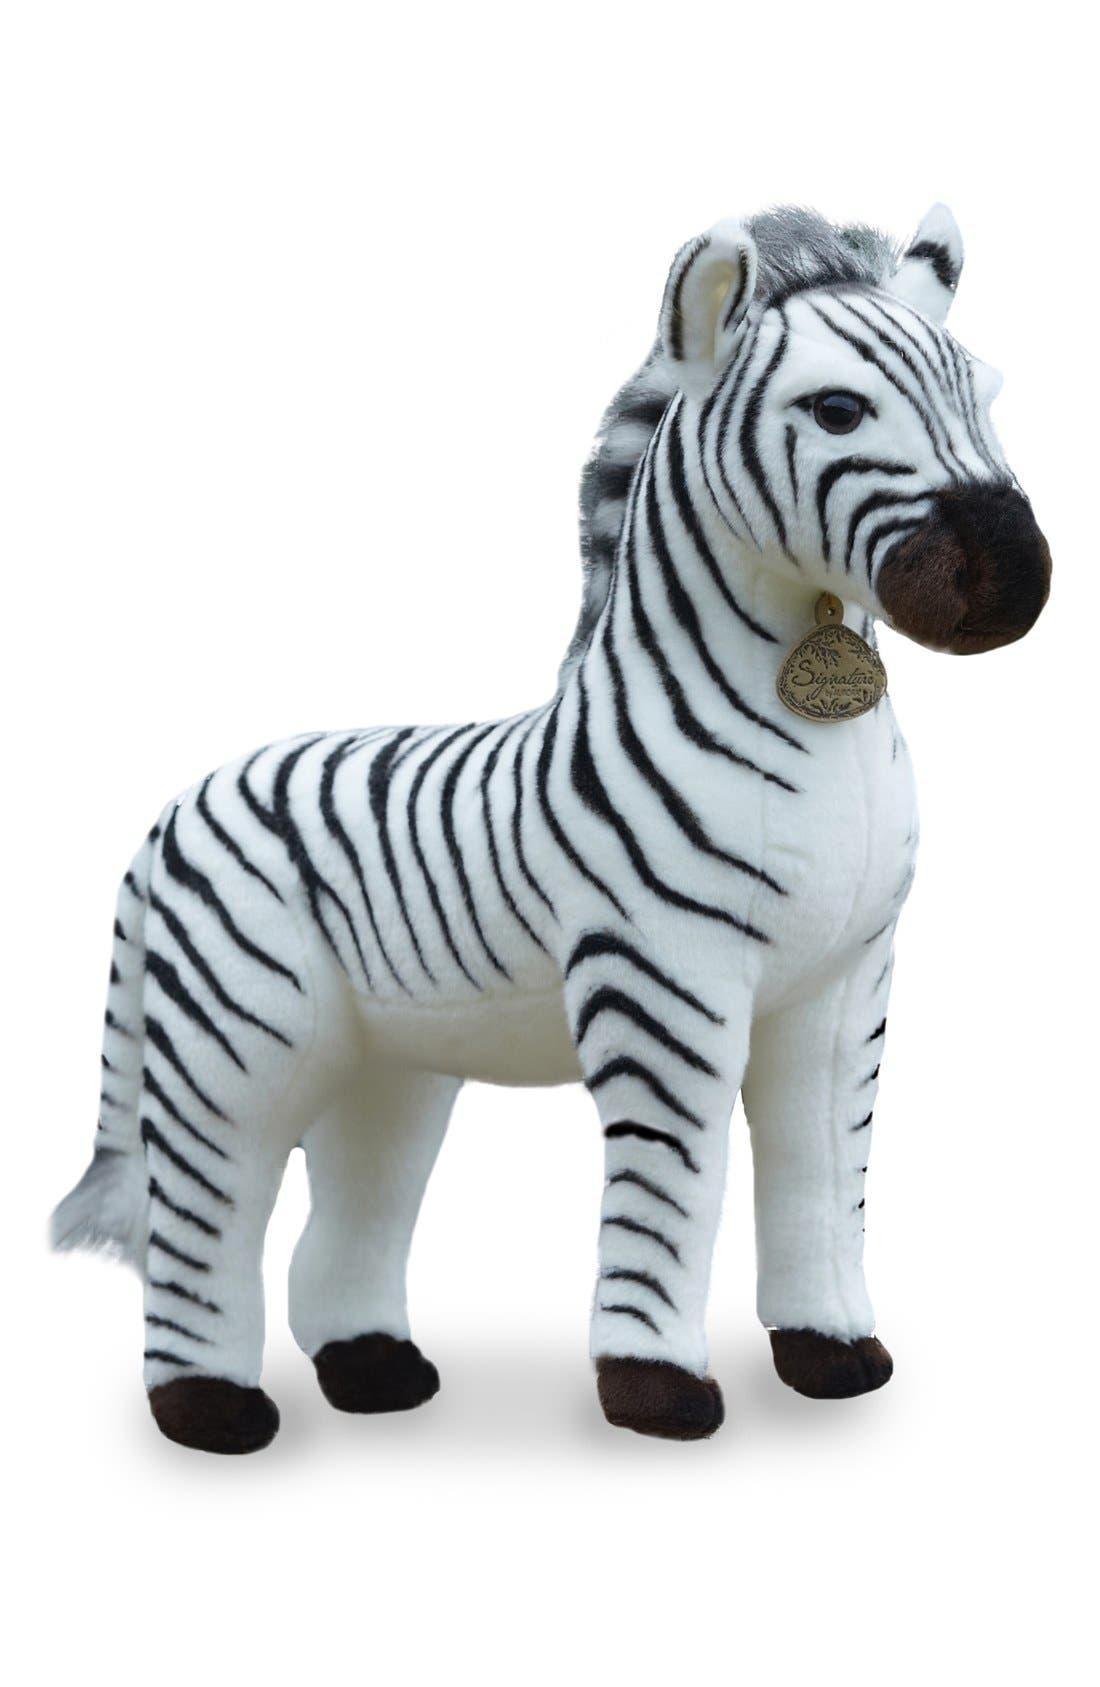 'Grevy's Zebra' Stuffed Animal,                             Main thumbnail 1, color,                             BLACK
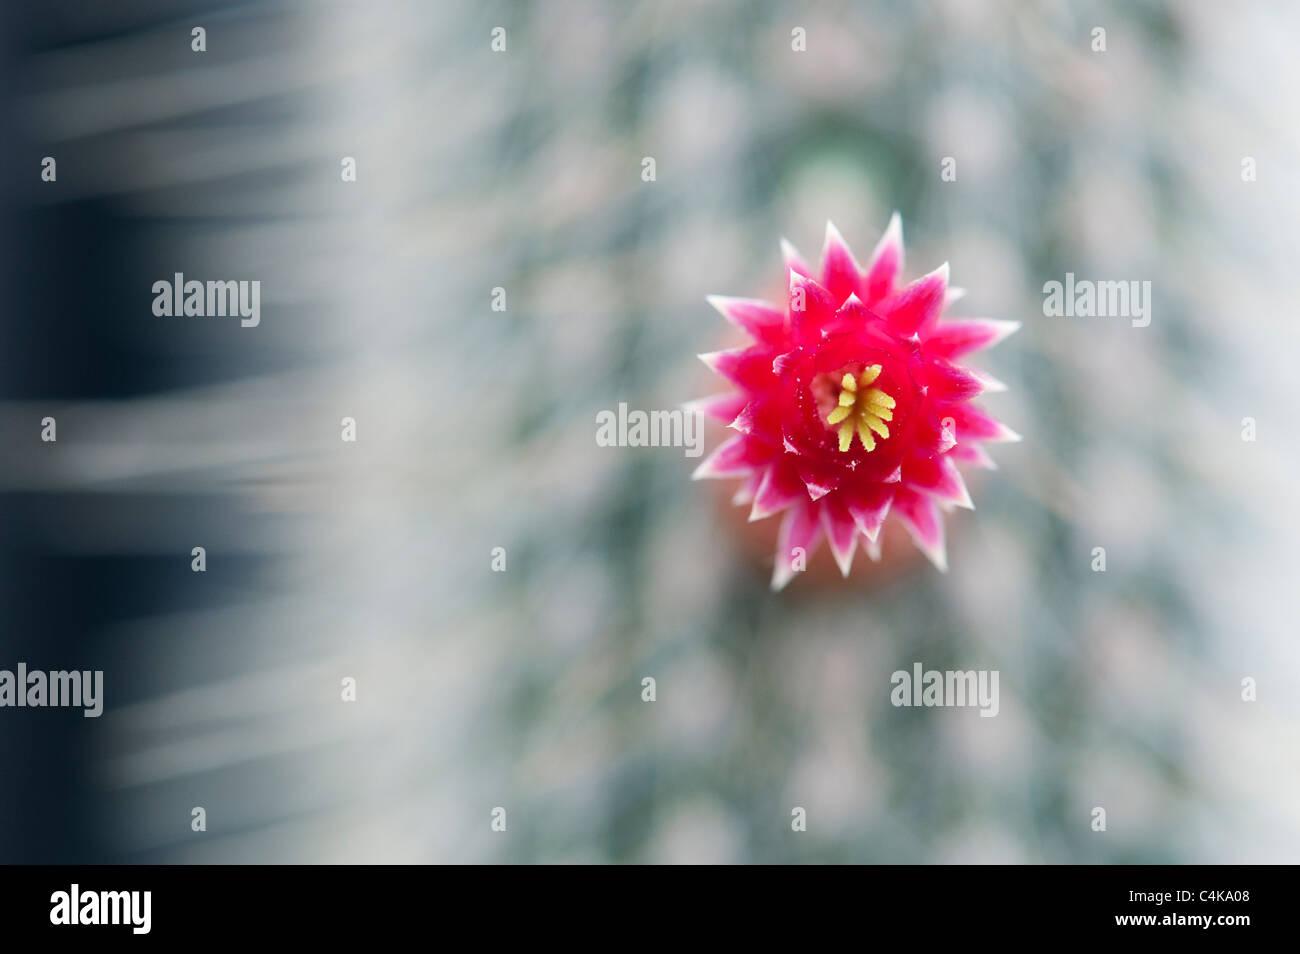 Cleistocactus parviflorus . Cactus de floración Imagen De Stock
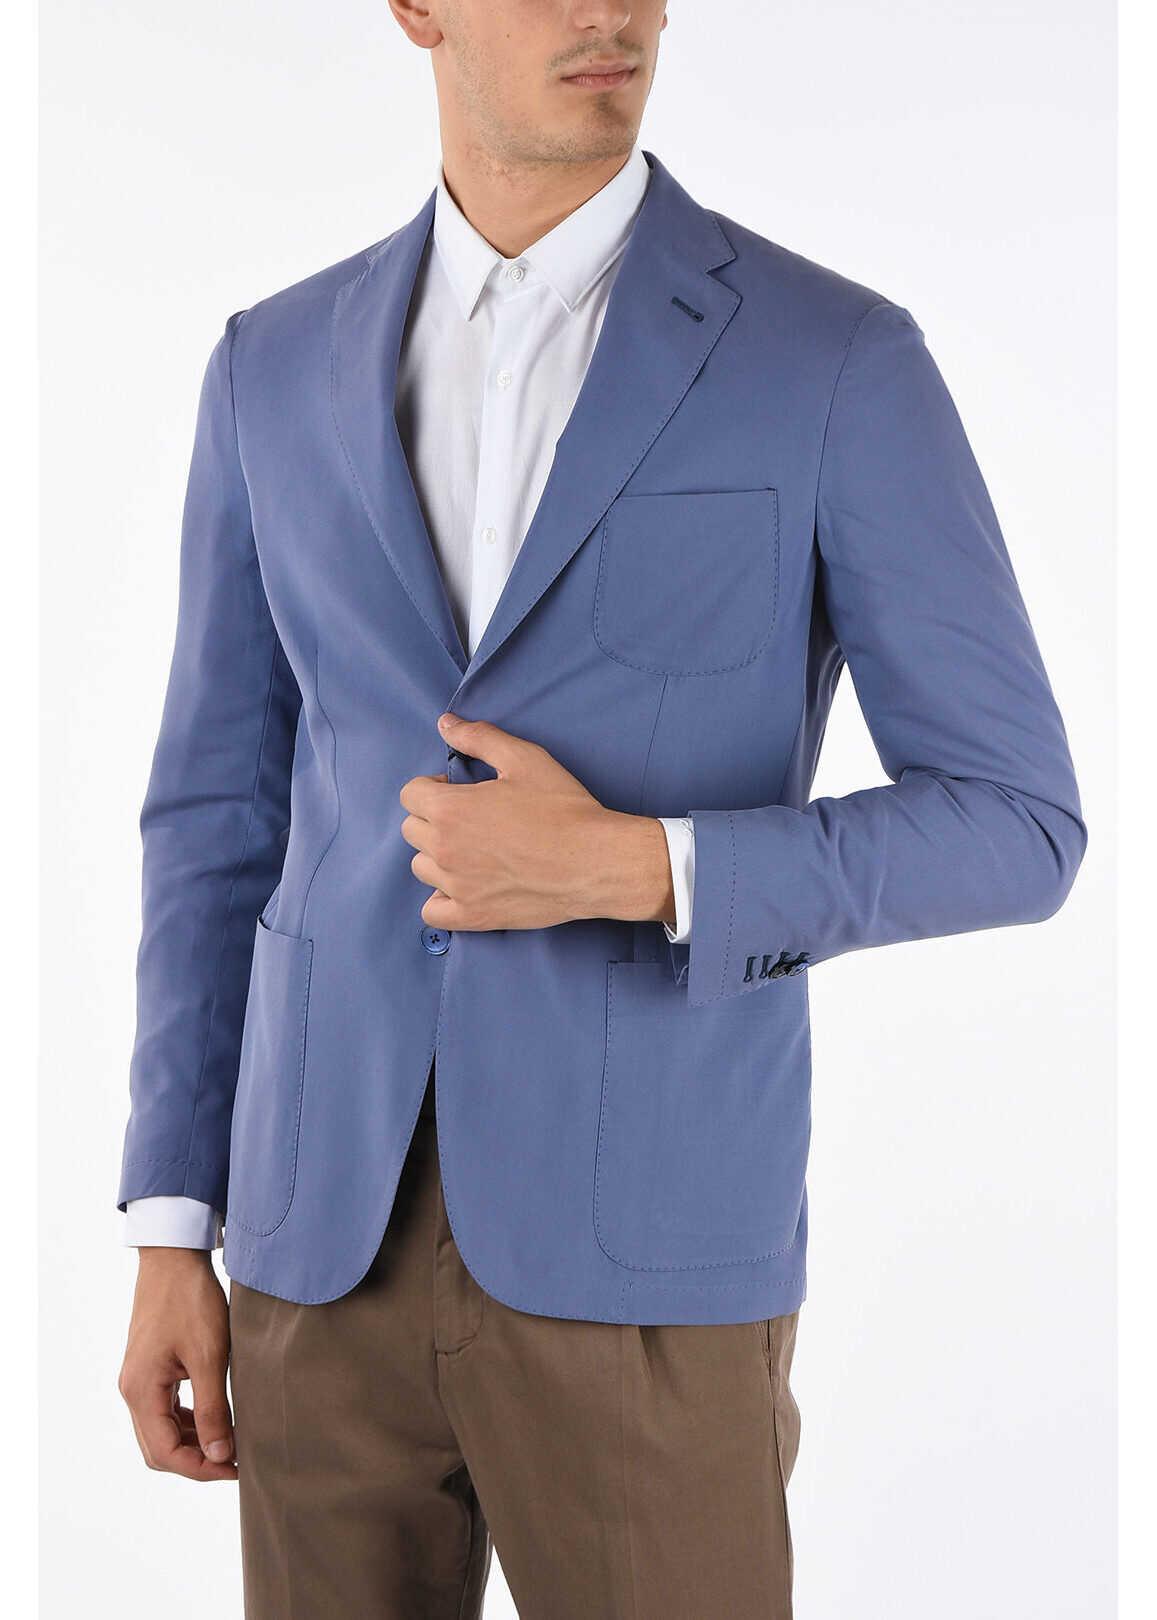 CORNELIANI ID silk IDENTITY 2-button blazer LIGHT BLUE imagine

———

A word-for-word copy of the data above is needed, one that omits the pictures.

- _REPLY TO THE EXERCISE_
 'Grevy's Zebra' Stuffed Animal,                             Main thumbnail 1, color,                             BLACK
 Cleistocactus parviflorus . Cactus de floración Imagen De Stock
 CORNELIANI ID silk IDENTITY 2-button blazer LIGHT BLUE imagine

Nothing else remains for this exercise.